Coluna

Liguem seus celulares!

1º Fórum Belas Artes de Economia Criativa traz casos de sucesso e expõe os princípios da nova economia em que a palavra chave é  compartilhamento 

Liguem seus celulares!

John Howkins:“O erro não é legal. Mas é necessário. A Economia Criativa é a economia do erro”

Antes de dar início à terceira mesa da tarde do 1º Forum Belas Artes de Economia Criativa, a professora de mídias sociais digitais da instituição, que faria a mediação das palestras de estrategistas do Twitter e do Linkedin, fez um apelo à plateia: “Liguem seus telefones. Vivemos uma economia de compartilhamento. O que ouvirem aqui, coloquem no mundo, dividam com todos que conhecem”.

Explica-se. As mídias sociais digitais são ferramenta de comunicação e co-produção imprescindível aos agentes da Economia Criativa. Este é um termo que foi conceituado em 2001 pelo britânico John Howkins – palestrante de honra no encerramento do evento–, mas o Centro Universitário Belas Artes se reconhece nele desde sua criação, muito antes disso. Com o slogan “Desde 1925 promovendo a Economia Criativa”, a escola promoveu nesta terça feira 22 uma primeira rodada de encontros para expor e debater as ideias que norteiam a economia da criatividade e da inovação.

Antes que John Howkin pudesse afirmar em sua palestra que a linguagem das redes móveis deixará de ser baseada em textos e passará a ser radicalmente baseada em imagens, a “brand strategist” do Twitter no Brasil, Dani Bogoricin, começou sua fala com duas imagens bastante significativas. A primeira delas, tornou-se um viral recentemente e mostra todos os usuários do metrô em uma plataforma olhando para as telas de seus celulares. a segunda é de 1946, e mostra todas as pessoas dentro de um vagão de trem consumidas pela leitura de jornais.

Outro momento alto da tarde foi a exposição de Rodrigo Teixeira, que se auto-apresenta como um empreendedor do mundo criativo. Produtor de obras para televisão e filmes de grande sucesso como “O Cheiro do Ralo” (2007), “Frances Ha” (2012), além de curador do Sundance Film Festival, Teixeira falou da transformação pelo qual o cinema passa hoje no Brasil e no mundo. “Se eu dependesse de subsídio do Estado, minha carreira simplesmente não teria acontecido. Enquanto depender do Estado, a indústria de cinema será inexistente no Brasil”, disse, defendendo o empreendedorismo como única estratégia para as produções independentes. Teixeira encerrou sua participação falando do fator risco implícito nessa forma de pensar e agir. “Já fiz muita coisa que deu errado”, garante.

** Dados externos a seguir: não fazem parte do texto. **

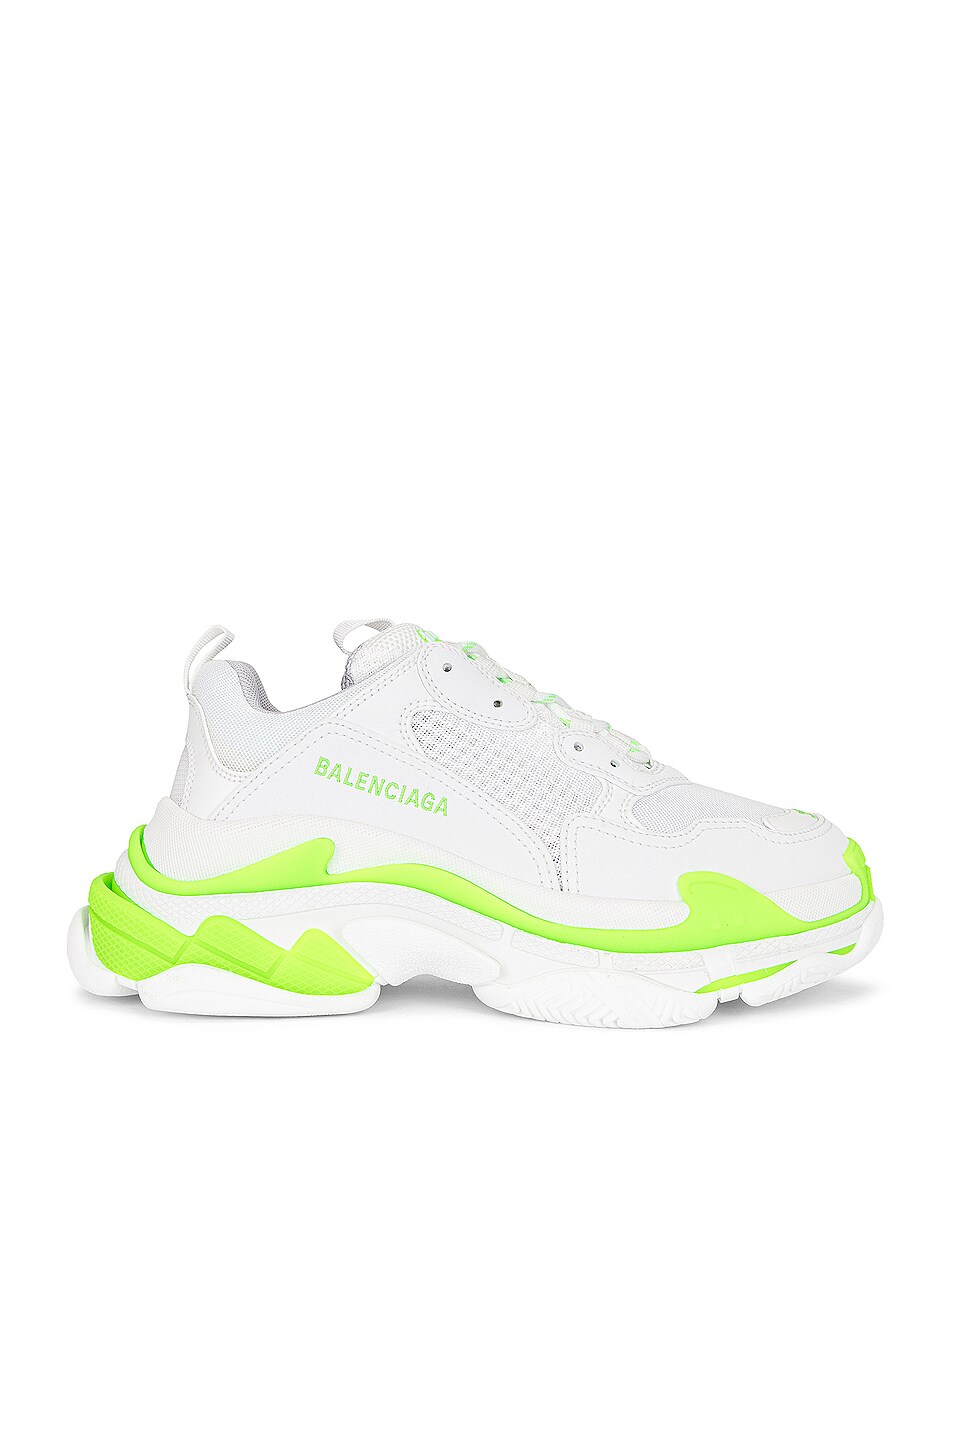 Image 1 of Balenciaga Triple S Sneakers in Fluo Green & White & Grey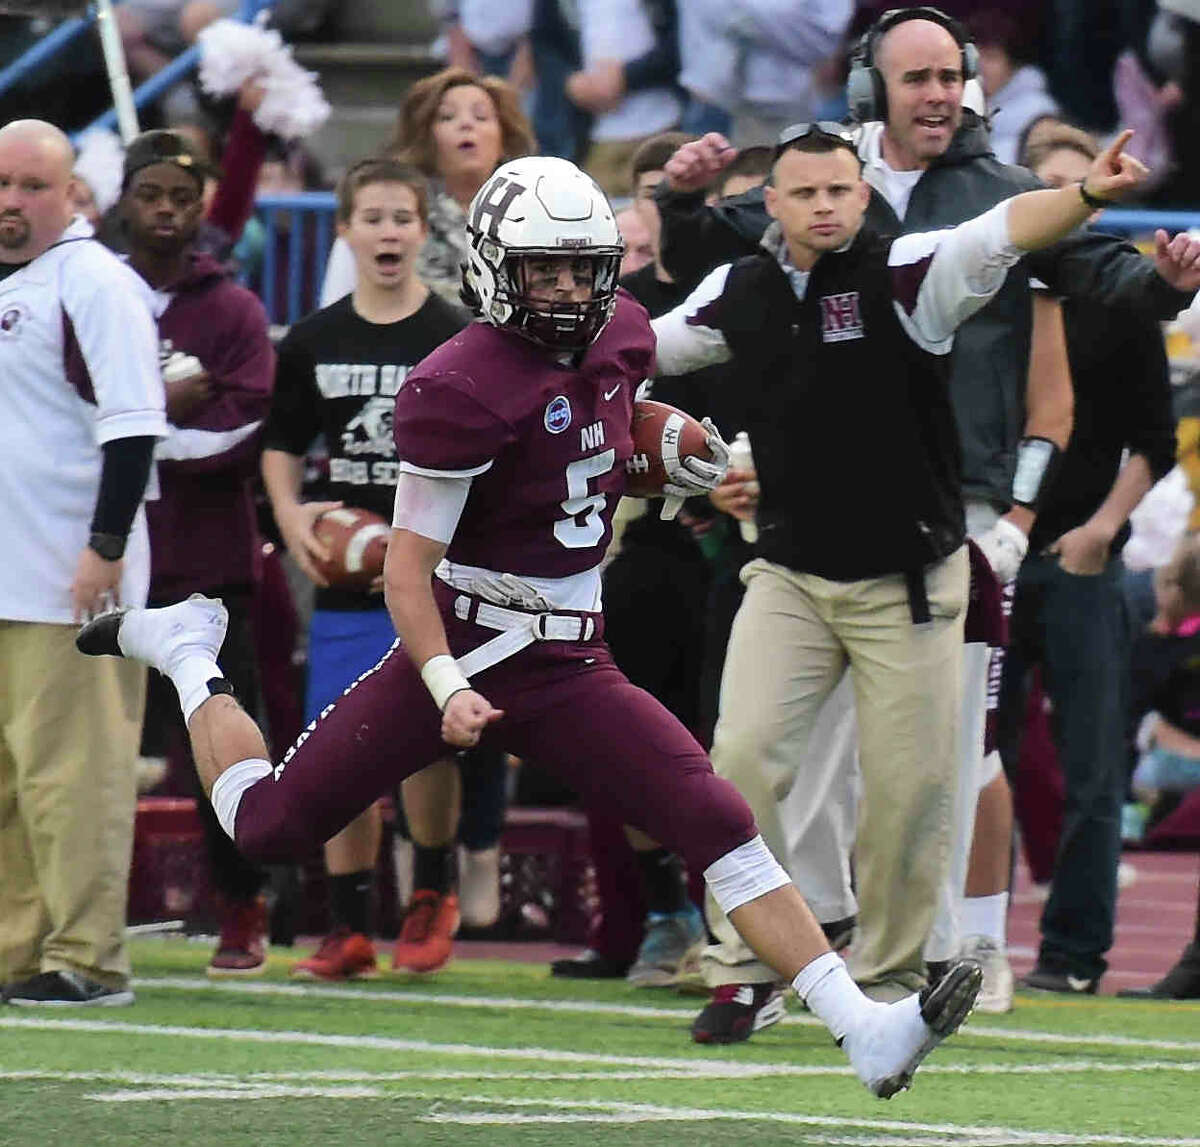 North Haven’s Mike Montano busts loose for a touchdown in the Class L championship loss to New Canaan. (Peter Hvizdak – New Haven Register)

Já Hawkins, o grande mentor, tranquilizou: “O erro não é legal. Mas é necessário. A Economia Criativa é a economia do erro”. Trocando em miúdos, só inova quem erra e bate muita cabeça. Só assim é possível tomar as rédeas da própria vida e inventar o futuro.

Por mais que tenha virado uma secretaria do Ministério da Cultura, em 2011, a economia criativa é um território ainda desconhecido e inexplorado no Brasil. Na Grã-Bretanha, entre 2010 e 2014, a economia critica cresceu duas vezes mais que a economia convencional.

Ouvindo o britânico Hawkins falar, do alto de uma cultura que pratica com maestria e dá exemplos ao mundo de como fazer dinheiro e sucesso de forma independente, com arte, cultura, design e mídias digitais – sem se vender às grandes corporações – chega-se a pensar o quanto a Economia Criativa partilha dos princípios da auto-ajuda.

Uma coisa é certa e comprovada pela a história: tempos de crise é quando criatividade e inovação são mais necessitadas. Com isso, as platéias dão sempre as boas vindas às listas dos “top trends”.